**DATASET SECTION**

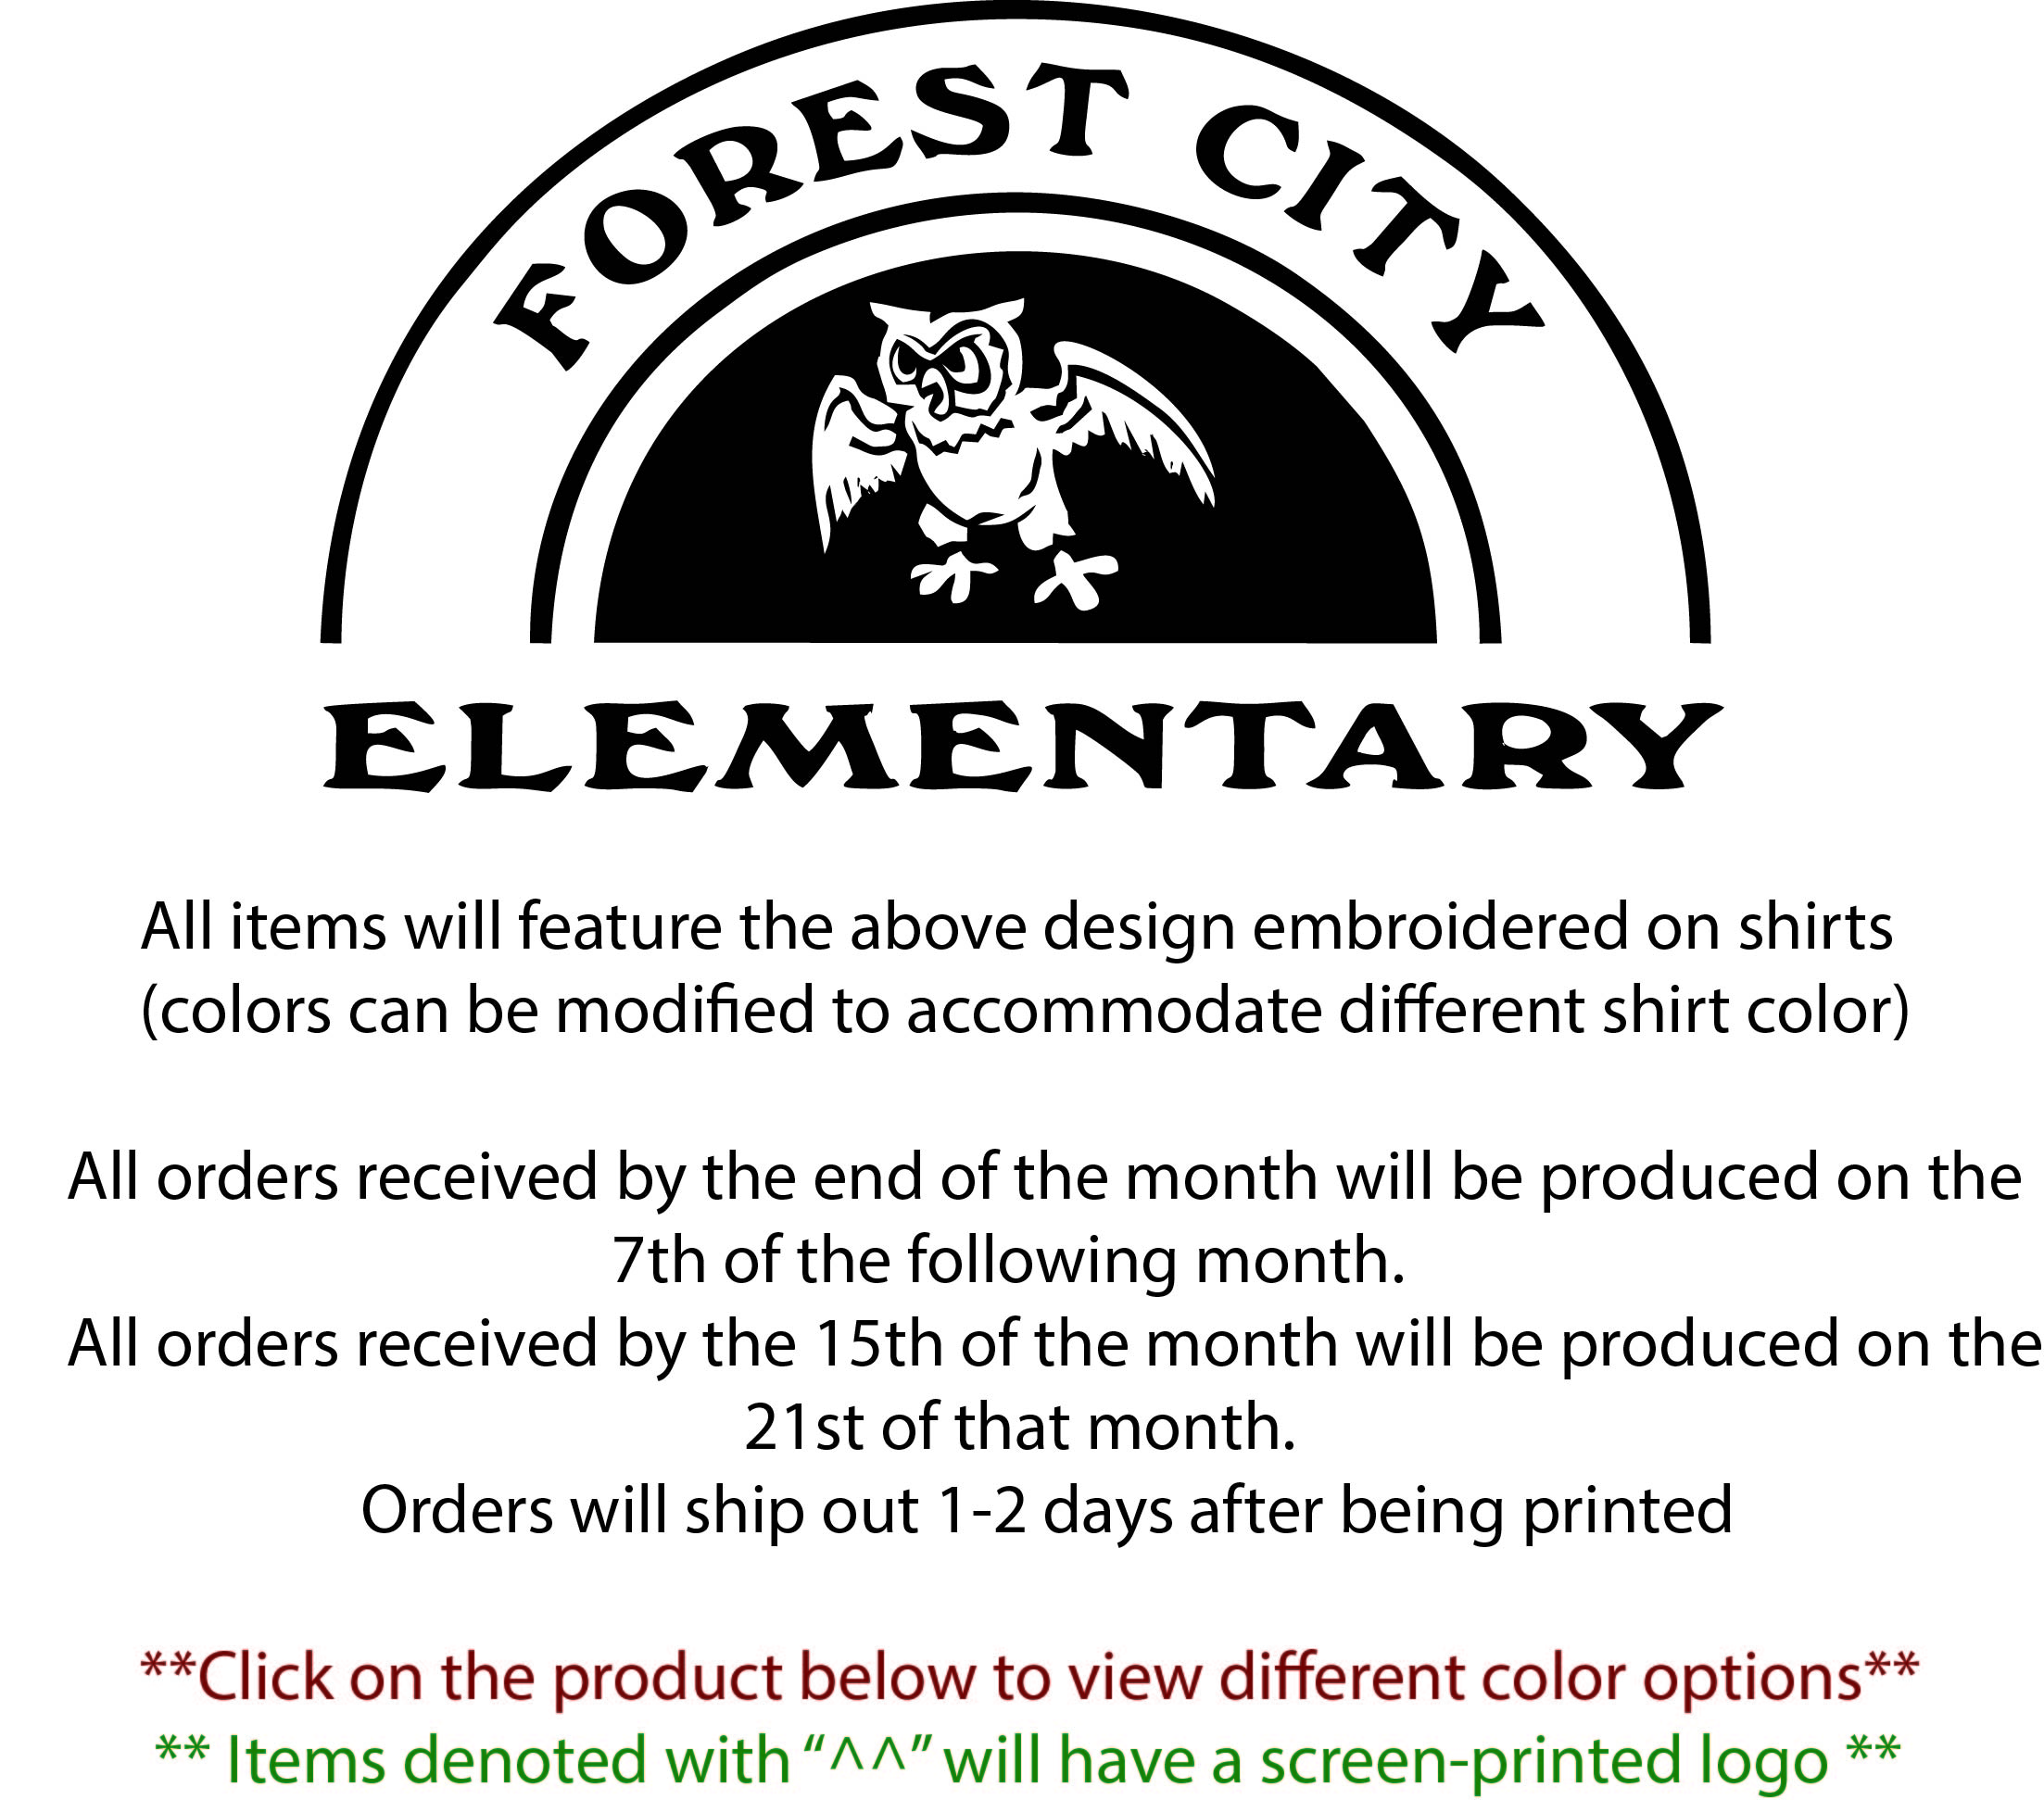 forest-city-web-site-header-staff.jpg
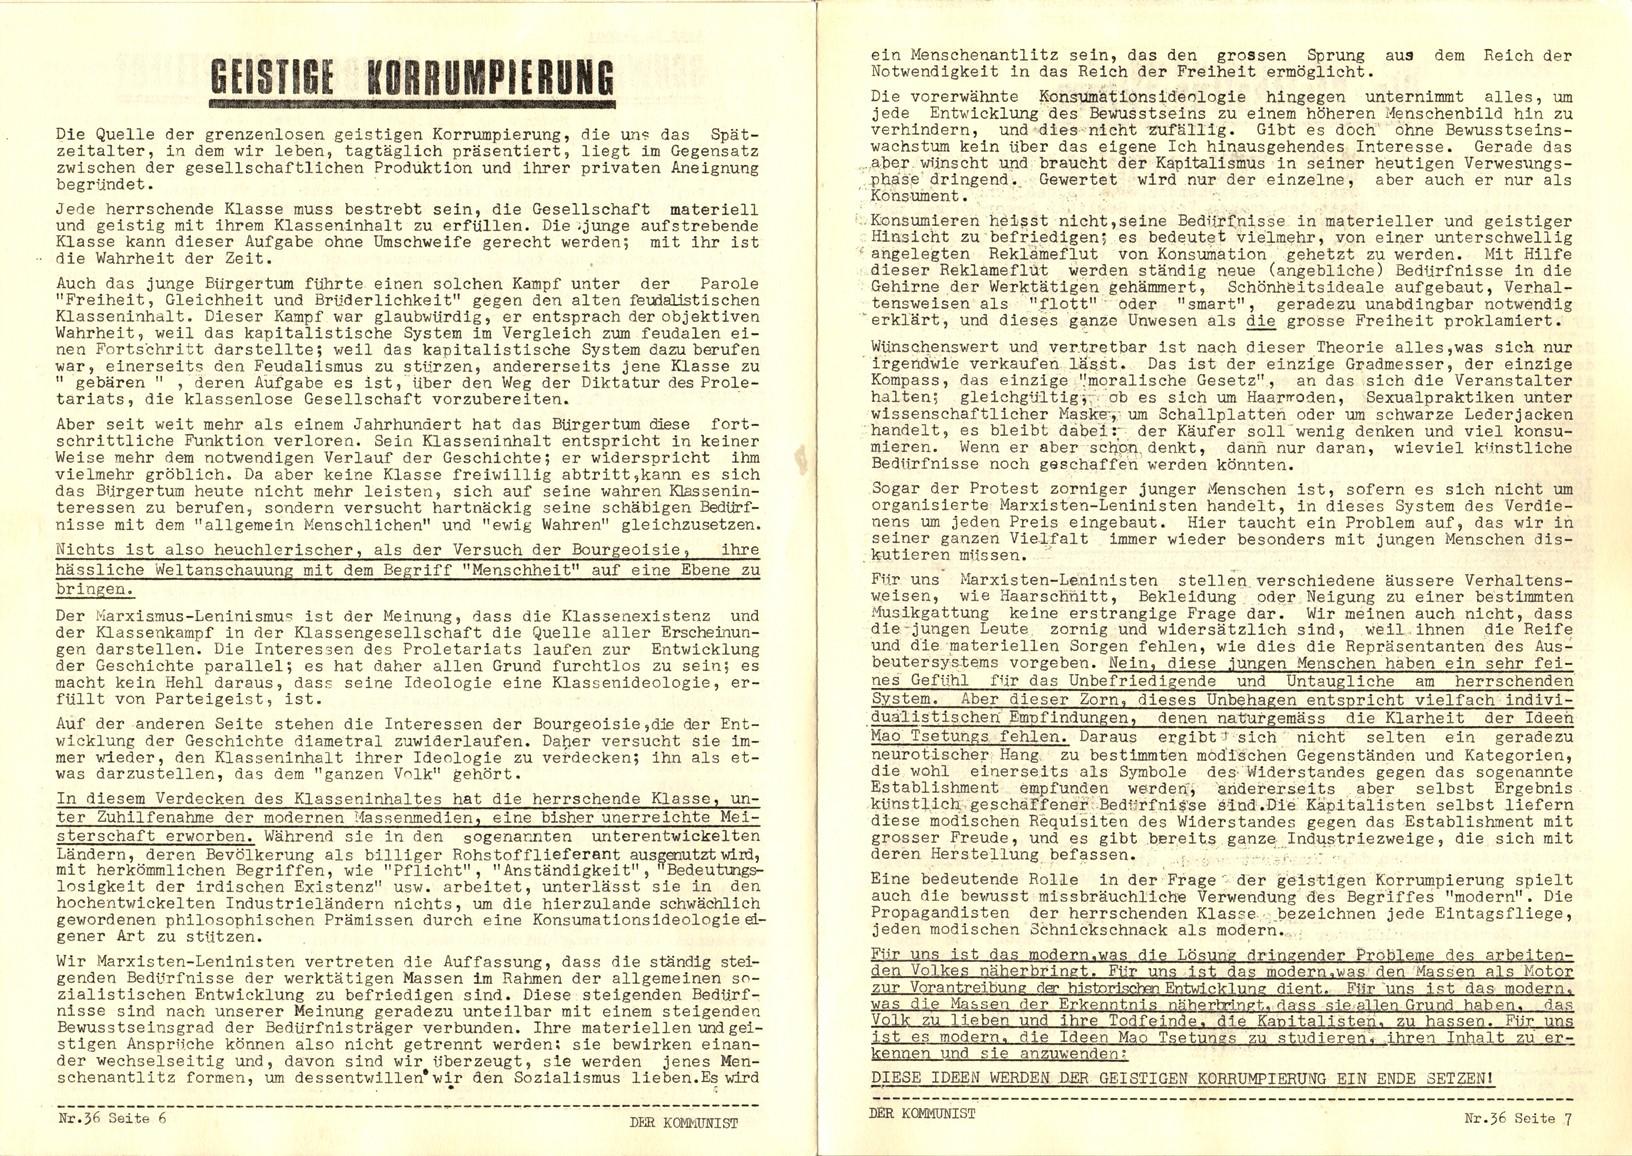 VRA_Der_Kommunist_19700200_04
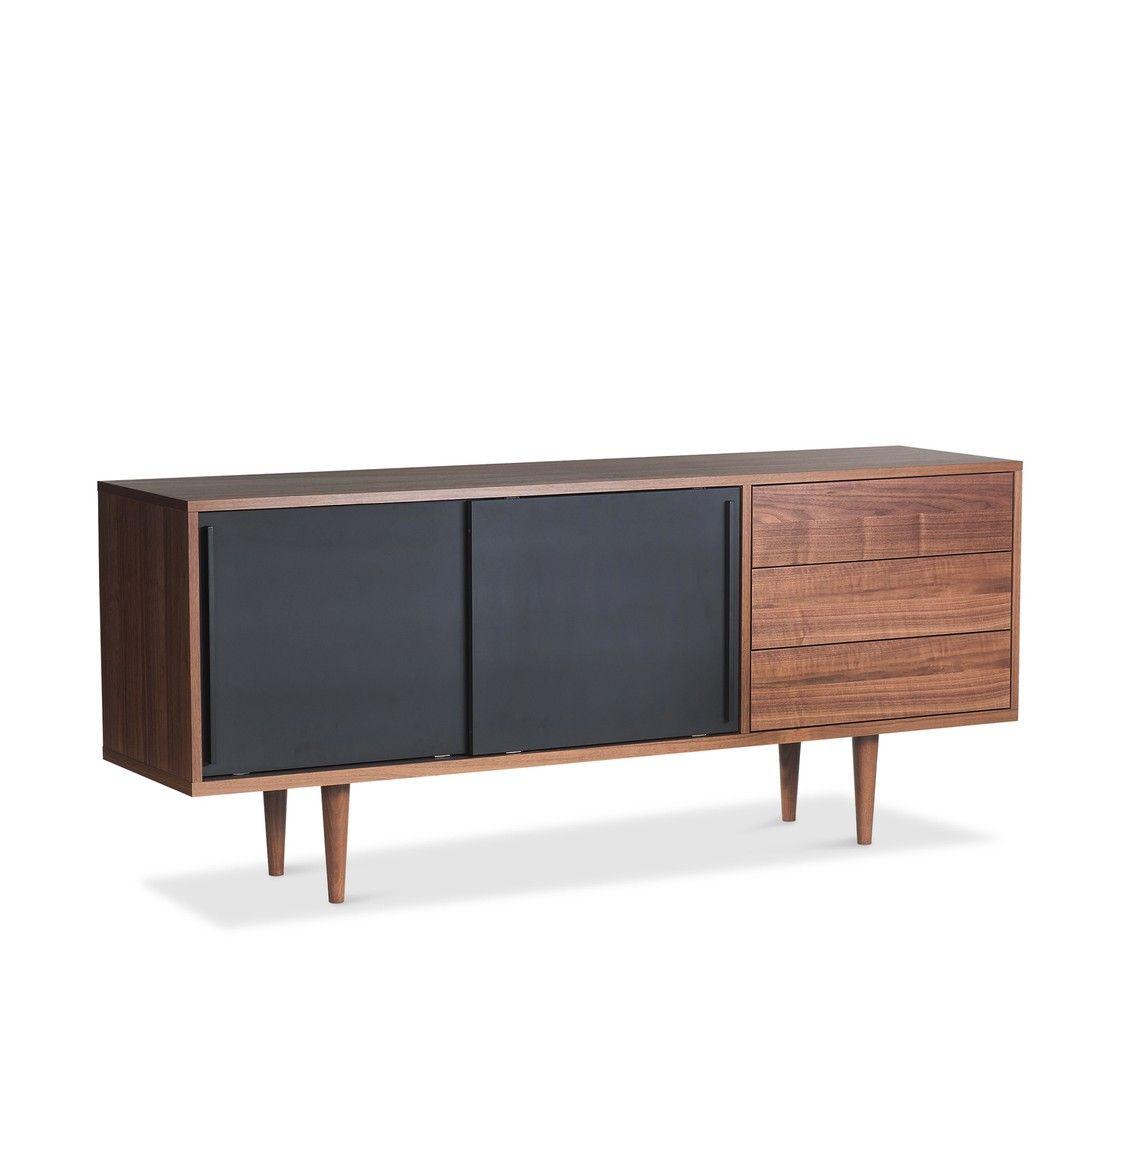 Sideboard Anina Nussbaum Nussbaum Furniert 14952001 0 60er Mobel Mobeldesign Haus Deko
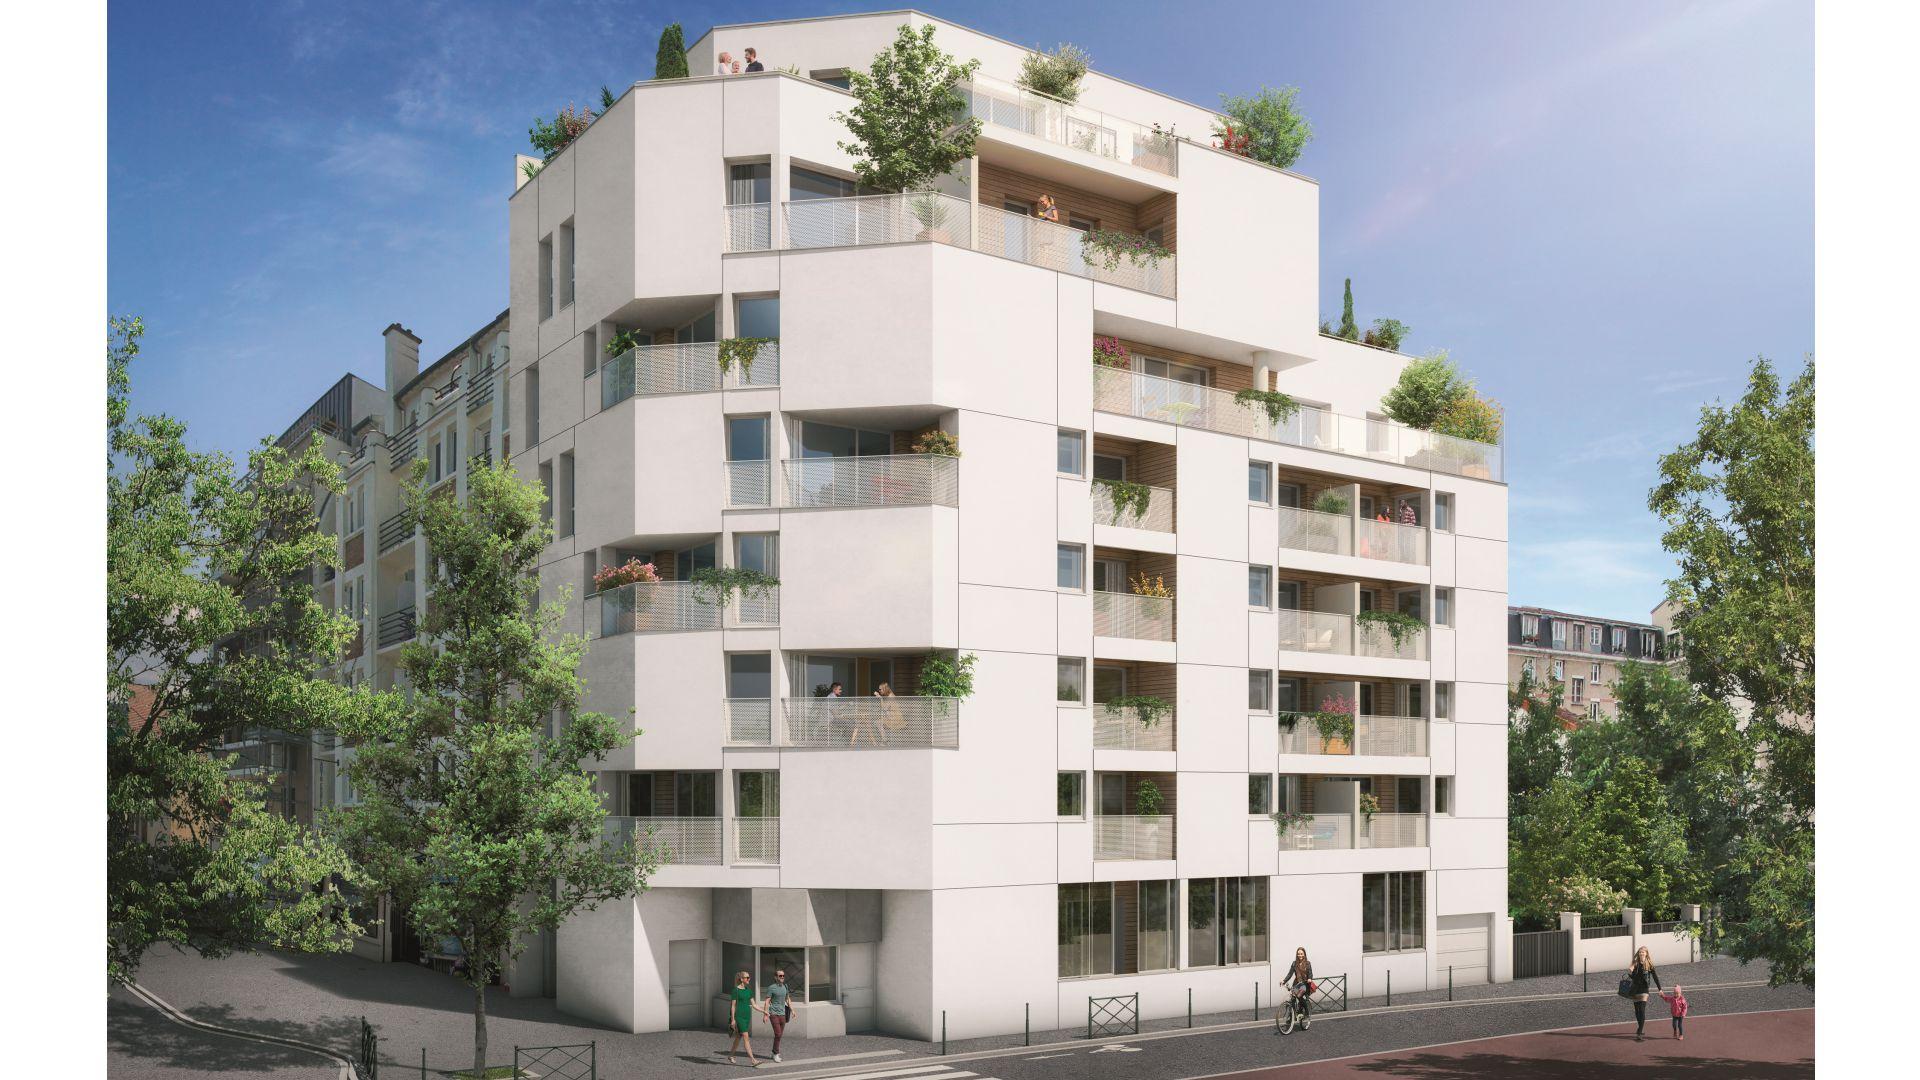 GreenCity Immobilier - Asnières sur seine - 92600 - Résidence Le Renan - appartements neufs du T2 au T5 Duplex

**WHAT IS NEEDED**
Take the lines from the one holding "VRA_Der_Kommunist_19700200_04" through the last line of the data above and copy them exactly, both ends included, omitting all pictures.

**SOLVED PROBLEM**
 VRA_Der_Kommunist_19700200_04
 Sideboard Anina Nussbaum Nussbaum Furniert 14952001 0 60er Mobel Mobeldesign Haus Deko
 GreenCity Immobilier - Asnières sur seine - 92600 - Résidence Le Renan - appartements neufs du T2 au T5 Duplex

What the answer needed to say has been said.